Instructions for the task> If a line below falls between the line with "vecteur gratuit de" and the line with "Krups electric kettle", or is one of those two, output it exactly; output nothing else and no pictures.
===== Supplied material =====
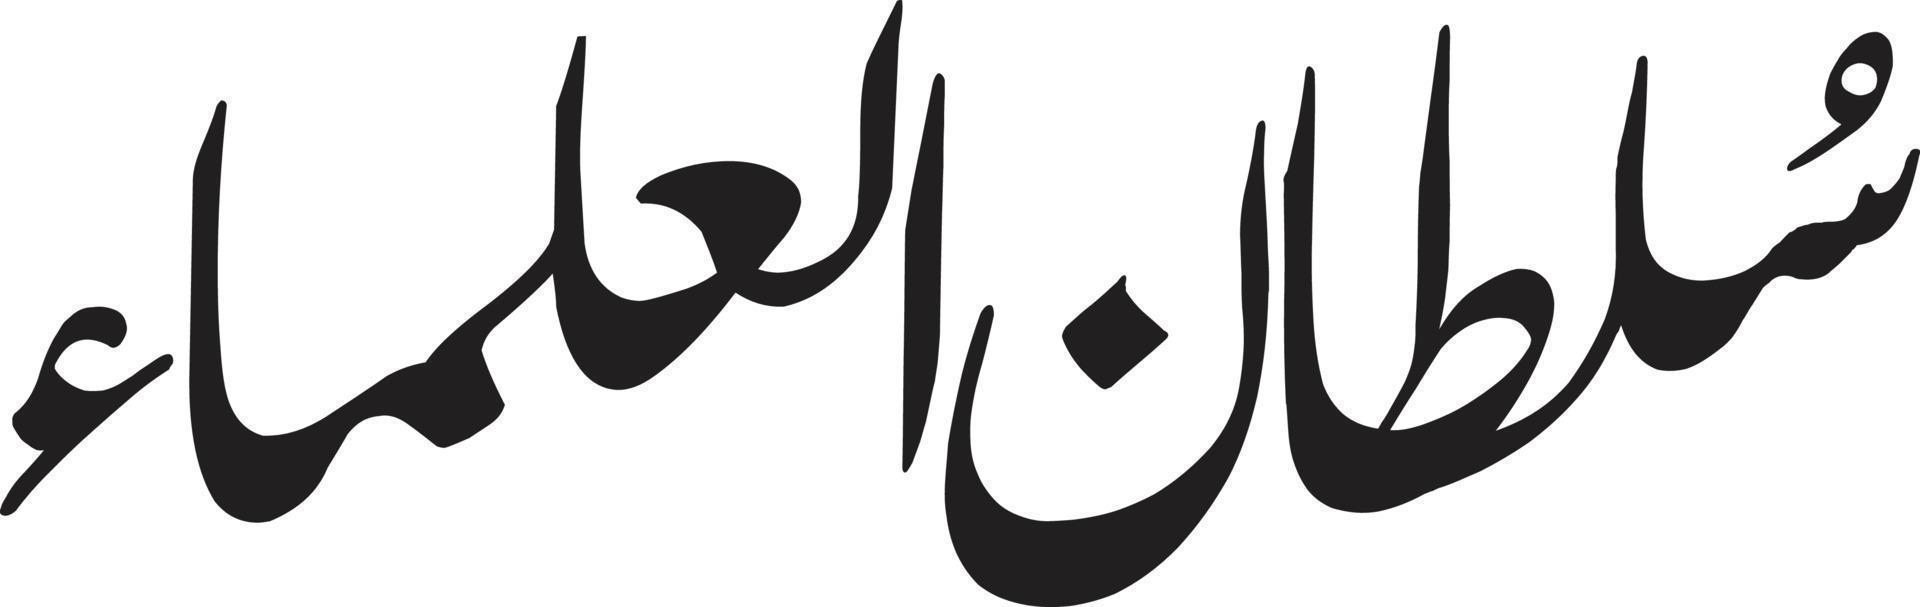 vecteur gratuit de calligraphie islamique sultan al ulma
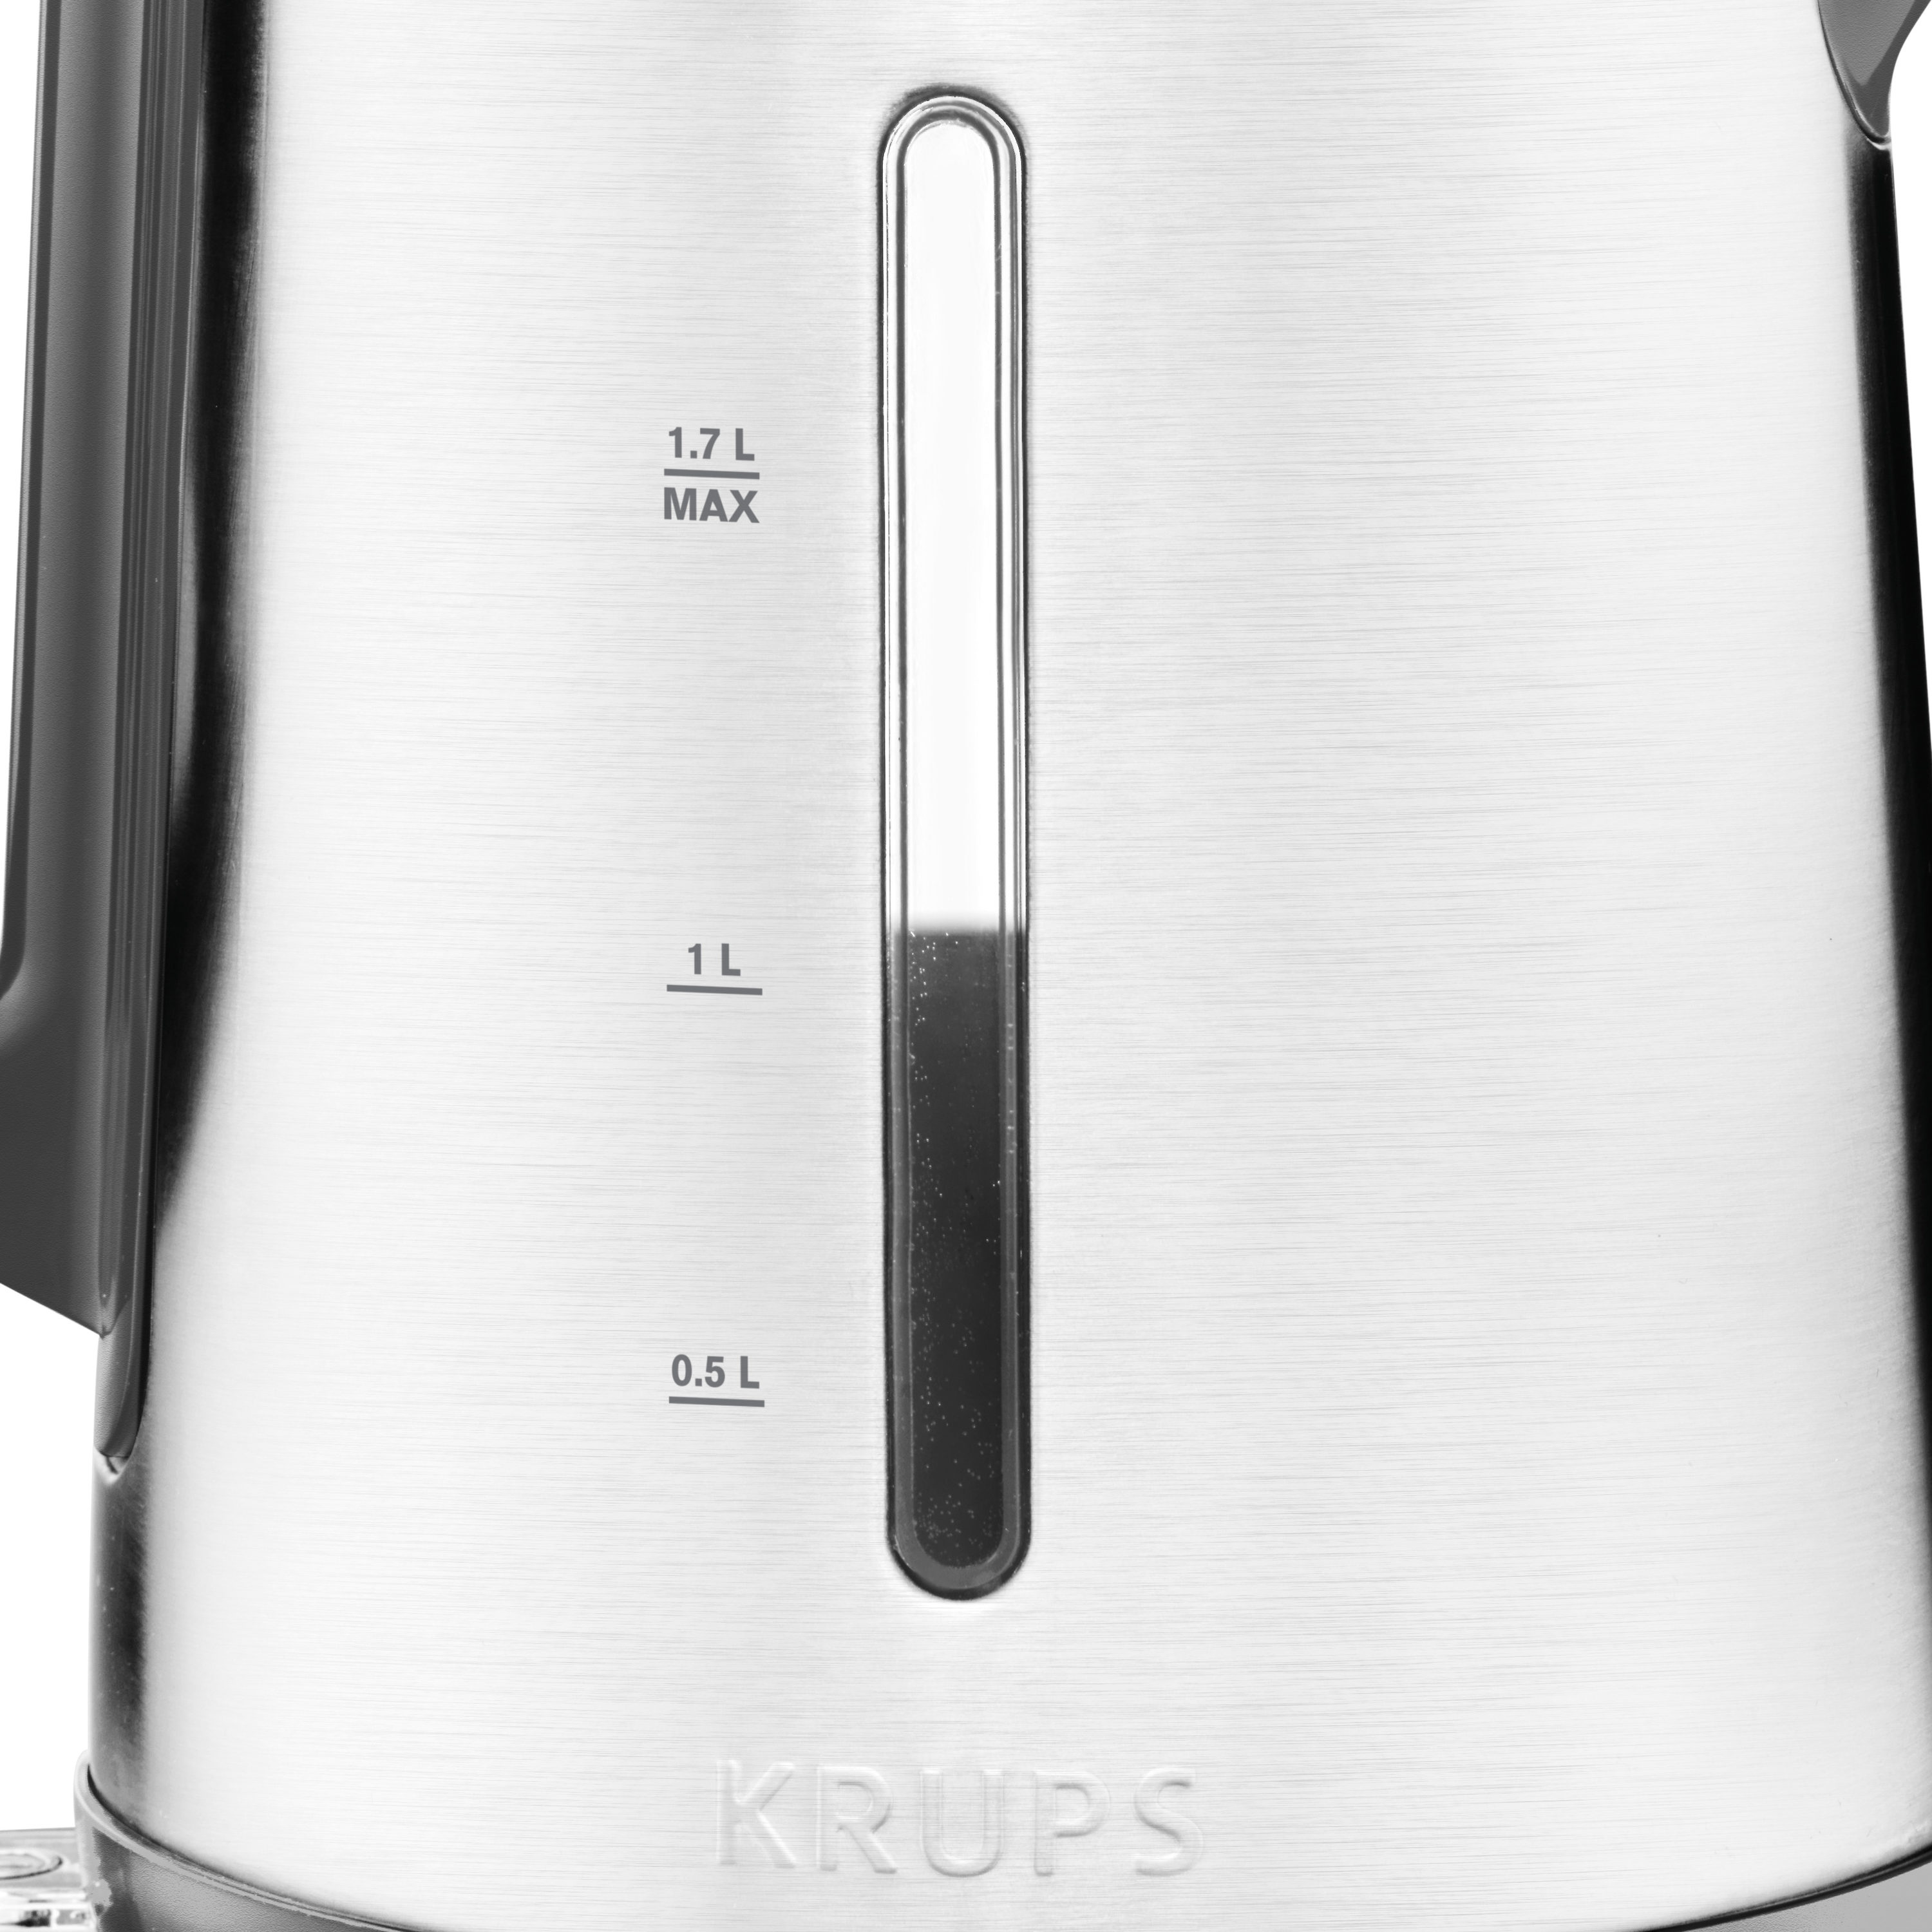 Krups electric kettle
=====
===== Supplied material =====
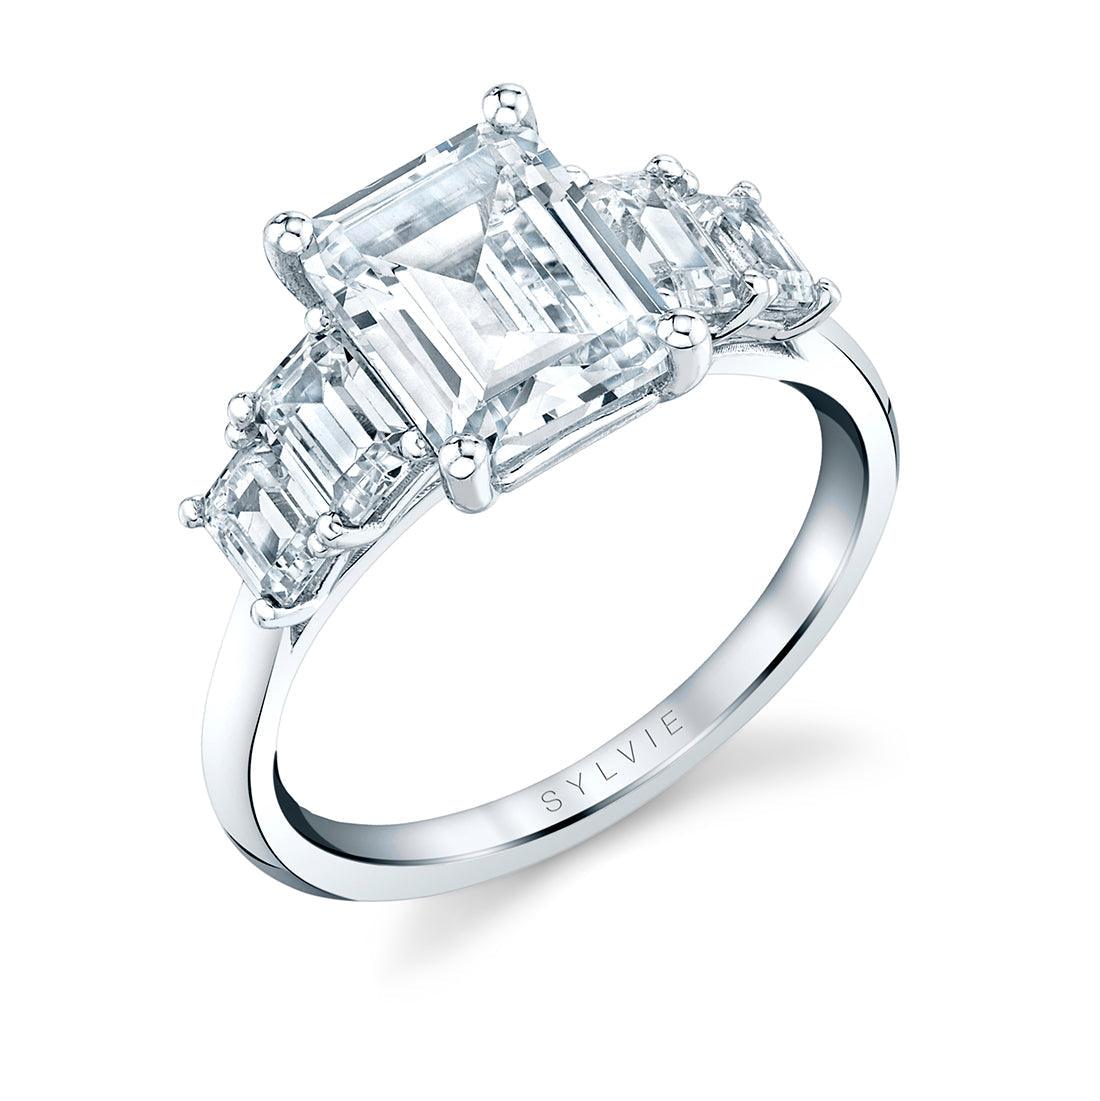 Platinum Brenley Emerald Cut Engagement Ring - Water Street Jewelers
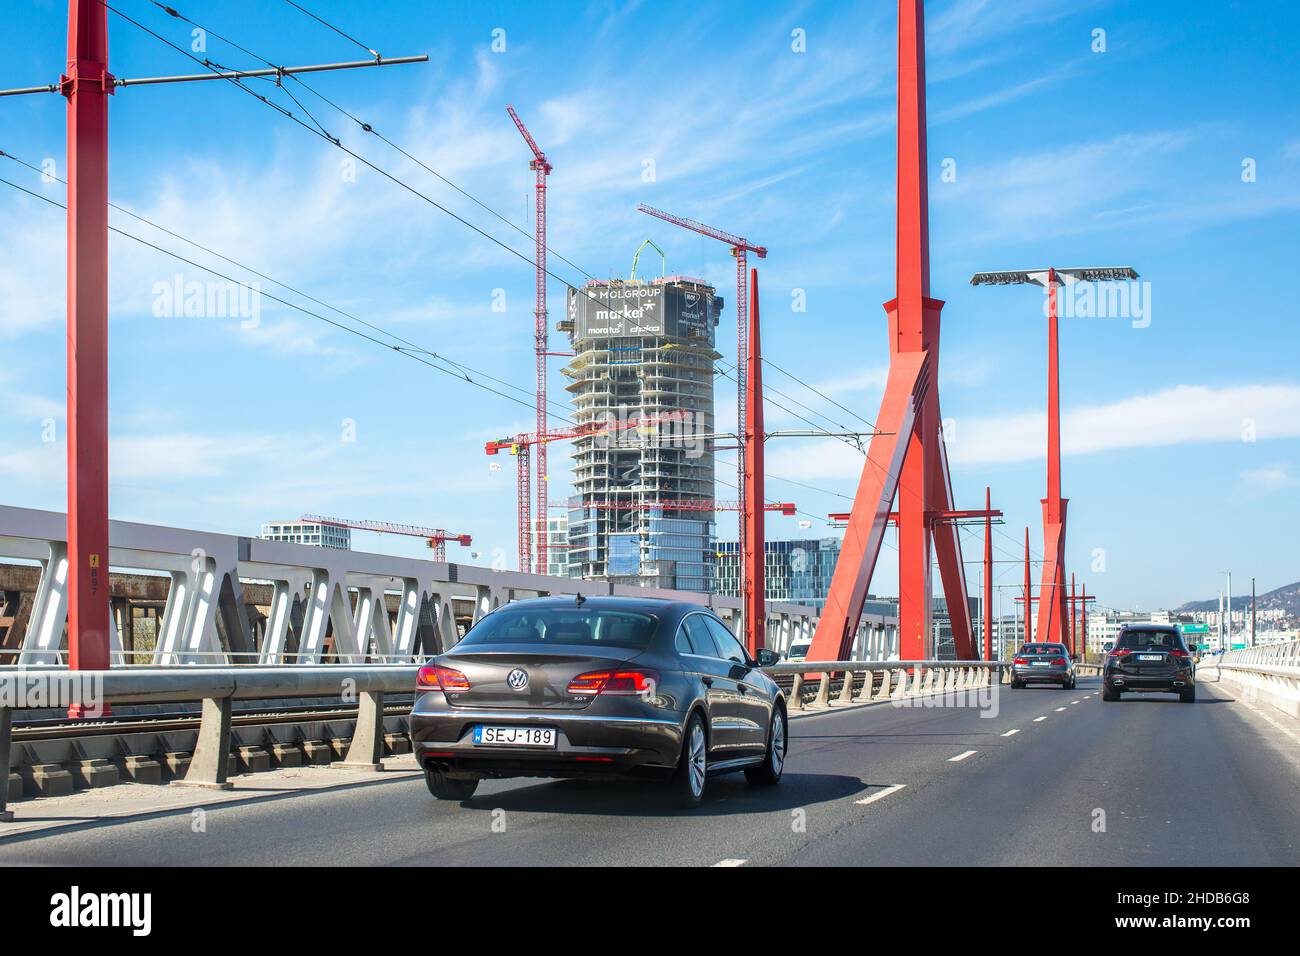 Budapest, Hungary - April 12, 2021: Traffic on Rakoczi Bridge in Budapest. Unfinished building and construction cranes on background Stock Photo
=====
Reply>
 vecteur gratuit de calligraphie islamique sultan al ulma
 Krups electric kettle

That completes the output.